Let me start with some notations:
- $I_A$ and $I_B$ are the respective incomes of $A$ and $B$
- $E_A$ and $E_B$ are the respective expenditures of $A$ and $B$
- $r_I$ is the ratio between the incomes of $A$ and $B$, i.e. $I_A = r_I I_B$
- $r_E$ is the ratio between the expenditures of $A$ and $B$, i.e. $E_A = r_E E_B$
Using the notations above $A$ saves $S_A = I_A - E_A$ and $B$ saves $S_B = I_B - E_B$.

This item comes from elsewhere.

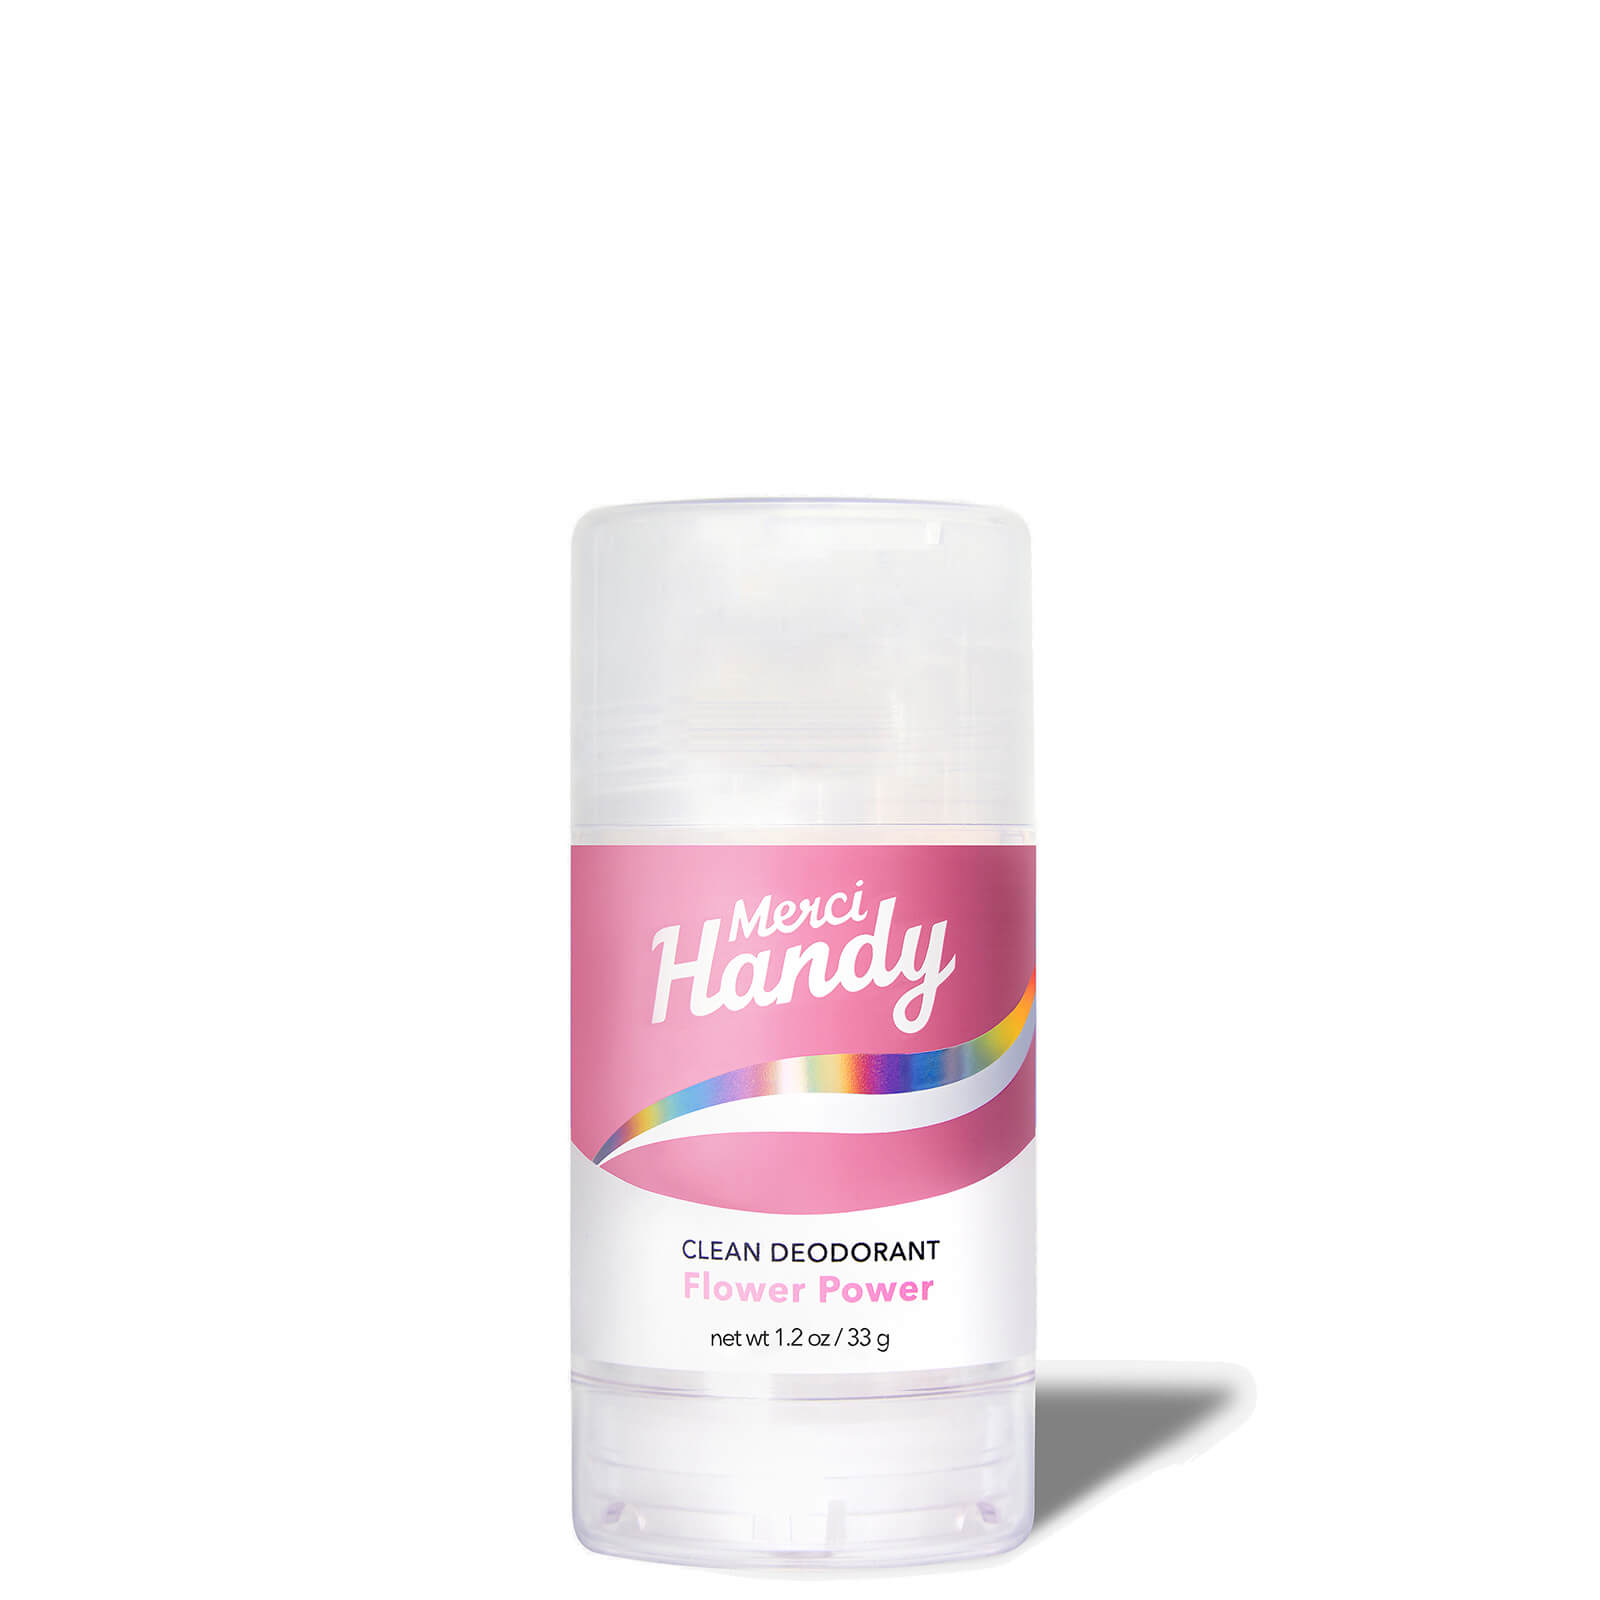 Merci Handy Clean Deodorant 33g (Various Fragrance) - Flower Power von Merci Handy

Now that we have some proper notations we can easily answer several questions. For example we can wonder what are the conditions such that $A$ saves more than $B$ ? It translates as:
\begin{align}
&& S_A >{}& S_B \\
\tag{Definitions of $S_A$ and $S_B$.} \\
&\Leftrightarrow& I_A - E_A >{}& I_B - E_B \\
\tag{Definitions of $I_A$ and $E_A$.} \\
&\Leftrightarrow&r_I I_B - r_E E_B >{}& I_B - E_B \\
&\Leftrightarrow&(1-r_E) E_B >{}& (1-r_I)I_B \text{.}
\end{align}
We have three cases:
- If $1-r_E > 0$ then $A$ saves more than $B$ if $E_B > \frac{(1-r_I)}{(1-r_E)}I_B$.

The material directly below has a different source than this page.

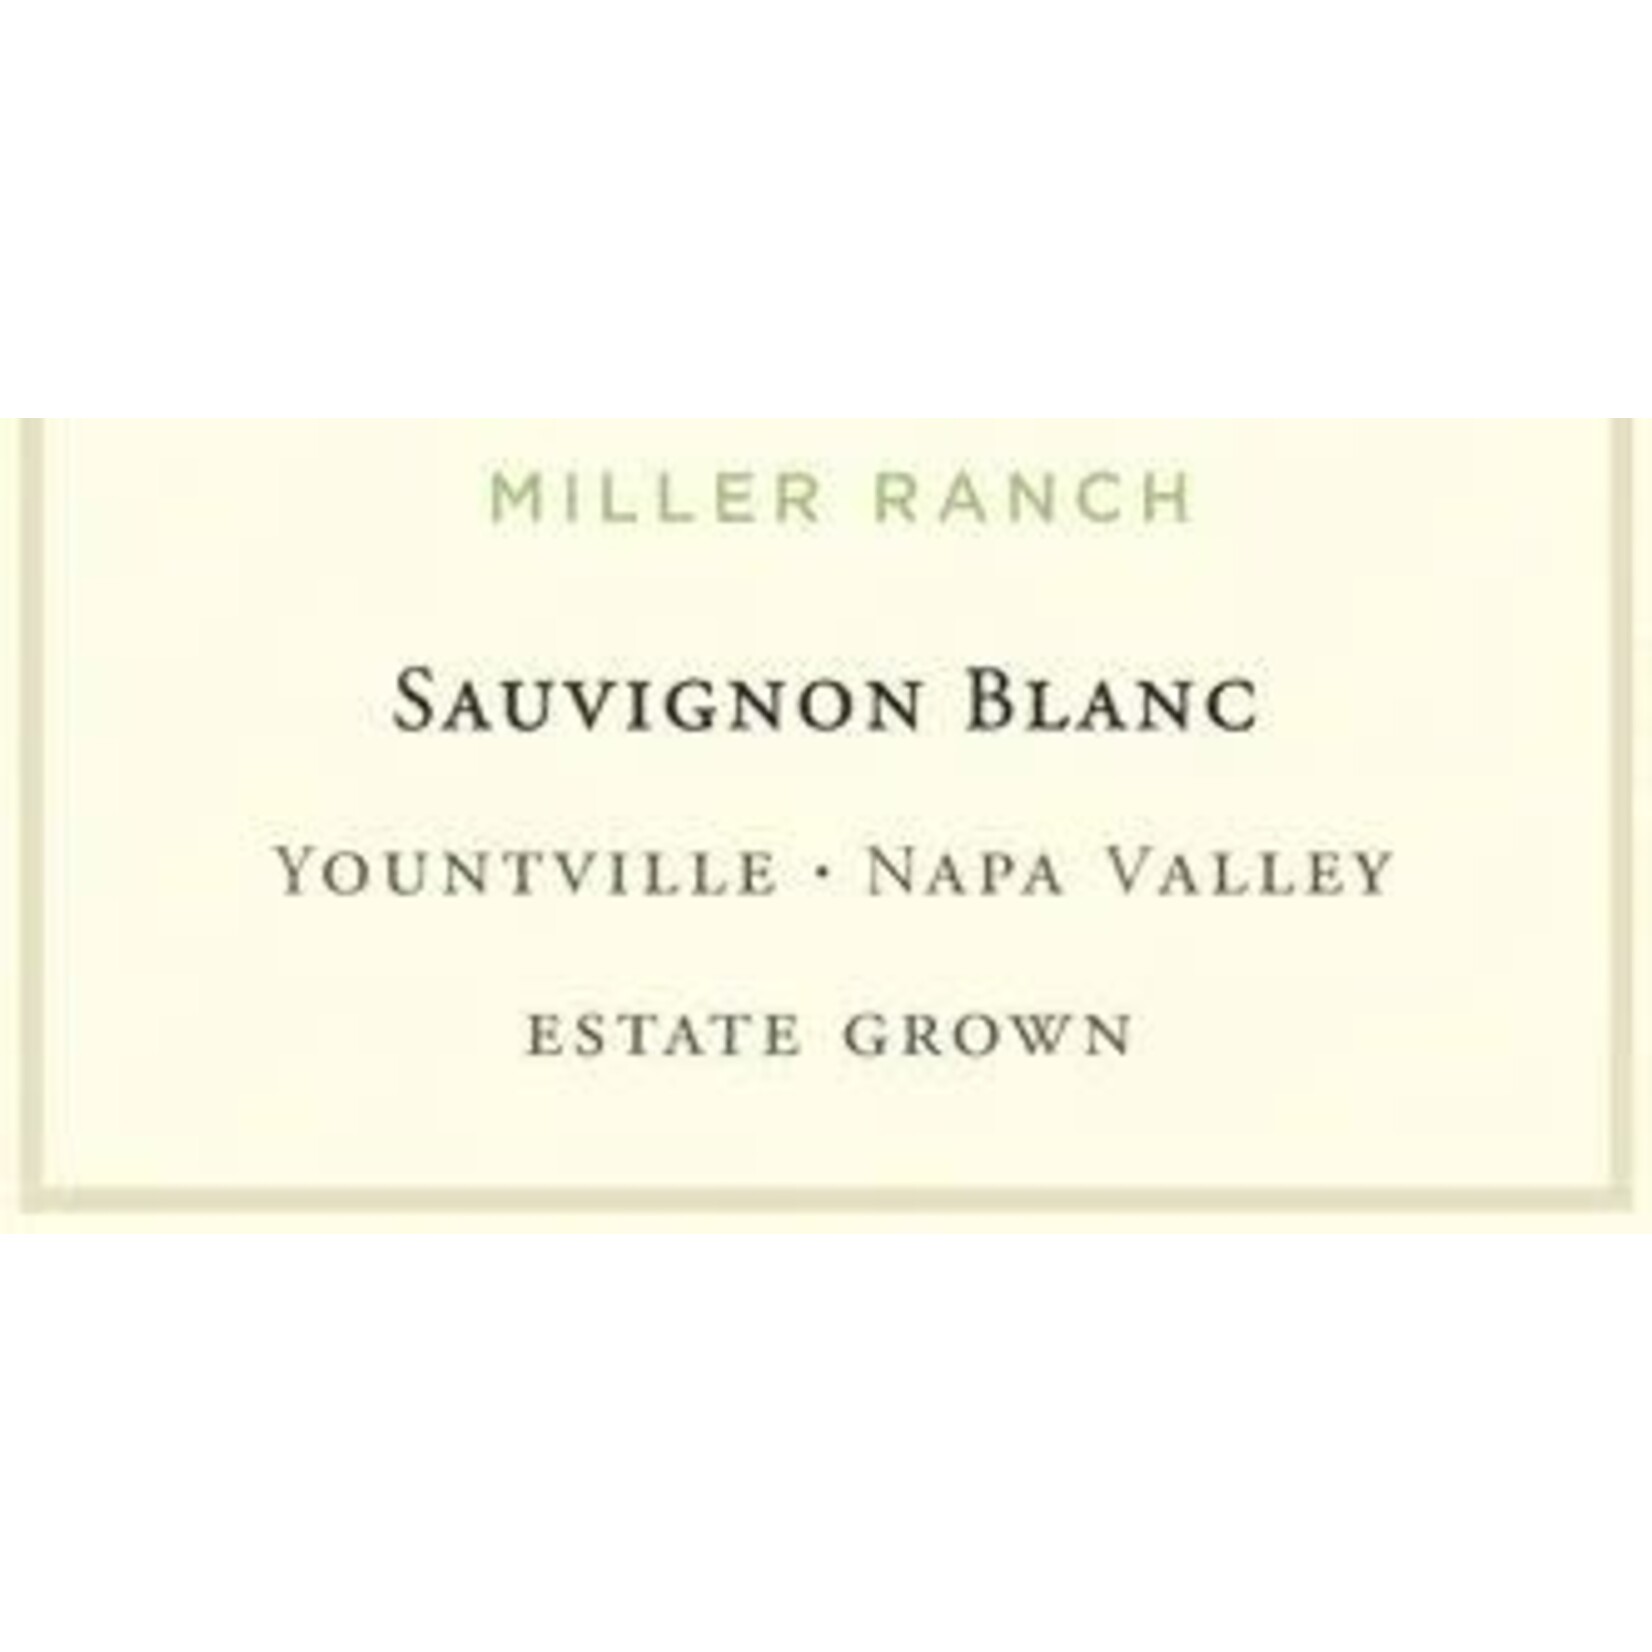 Silverado Miller Ranch Sauvignon Blanc 2020 Yountville Napa Valley California

- If $1-r_E = 0$ then $A$ saves more than $B$ if $0 > (1-r_I)I_B$.
- If $1-r_E < 0$ then $A$ saves more than $B$ if $E_B < \frac{(1-r_I)}{(1-r_E)}I_B$.

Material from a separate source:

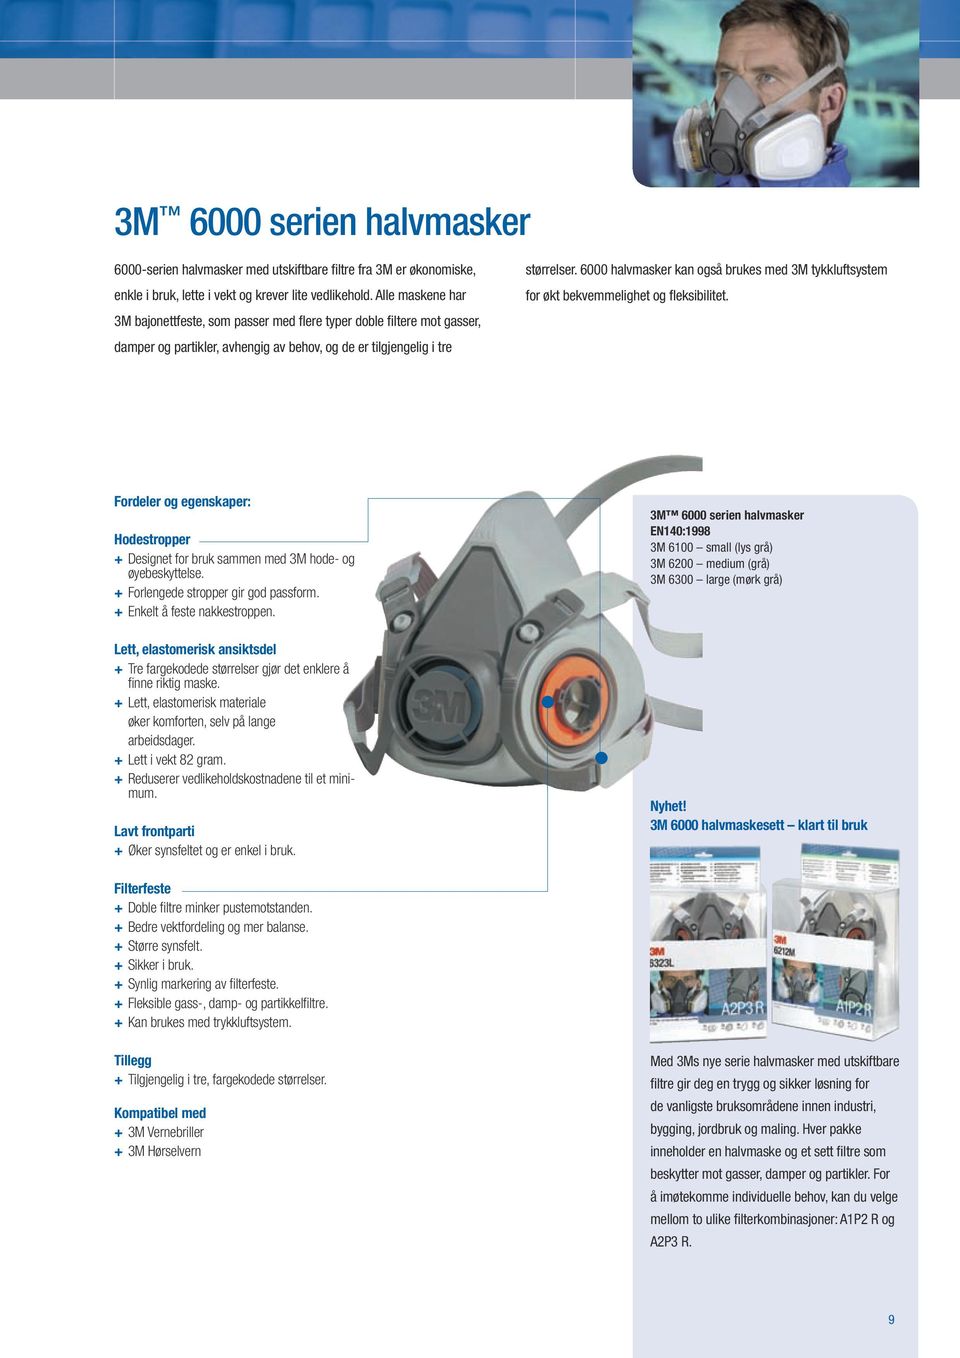 6000 halvmasker kan også brukes med 3M tykkluftsystem for økt bekvemmelighet og fleksibilitet. Fordeler og egenskaper: Hodestropper + Designet for bruk sammen med 3M hode- og øyebeskyttelse.

Using the ratios given in your first example
We have $r_I = \frac{4}{5}$ and $r_E = \frac{3}{4}$. Hence we are in the case where $1-r_E > 0$ so we compute $\frac{(1-r_I)}{(1-r_E)} = \frac{(1-\frac{4}{5})}{(1-\frac{3}{4})} = \frac{4}{5}$. We can then deduce that $A$ will save more than $B$ if and only if $E_B > \frac{4}{5}I_B$. Also, note that if $E_B = \frac{4}{5}I_B$ then $A$ will save as much as $B$ and if $E_B < \frac{4}{5}I_B$ than $A$ will save less than $B$.
Using the ratios given in your second example
We have $r_I = \frac{4}{5}$ and $r_E = \frac{5}{6}$. Hence we are in the case where $1-r_E > 0$ so we compute $\frac{(1-r_I)}{(1-r_E)} = \frac{(1-\frac{4}{5})}{(1-\frac{5}{6})} = \frac{6}{5}$. We can then deduce that $A$ will save more than $B$ if and only if $E_B > \frac{6}{5}I_B$ which is impossible since, by assumption, $E_B < I_B$. Hence, in this case, $B$ will always save more than $A$.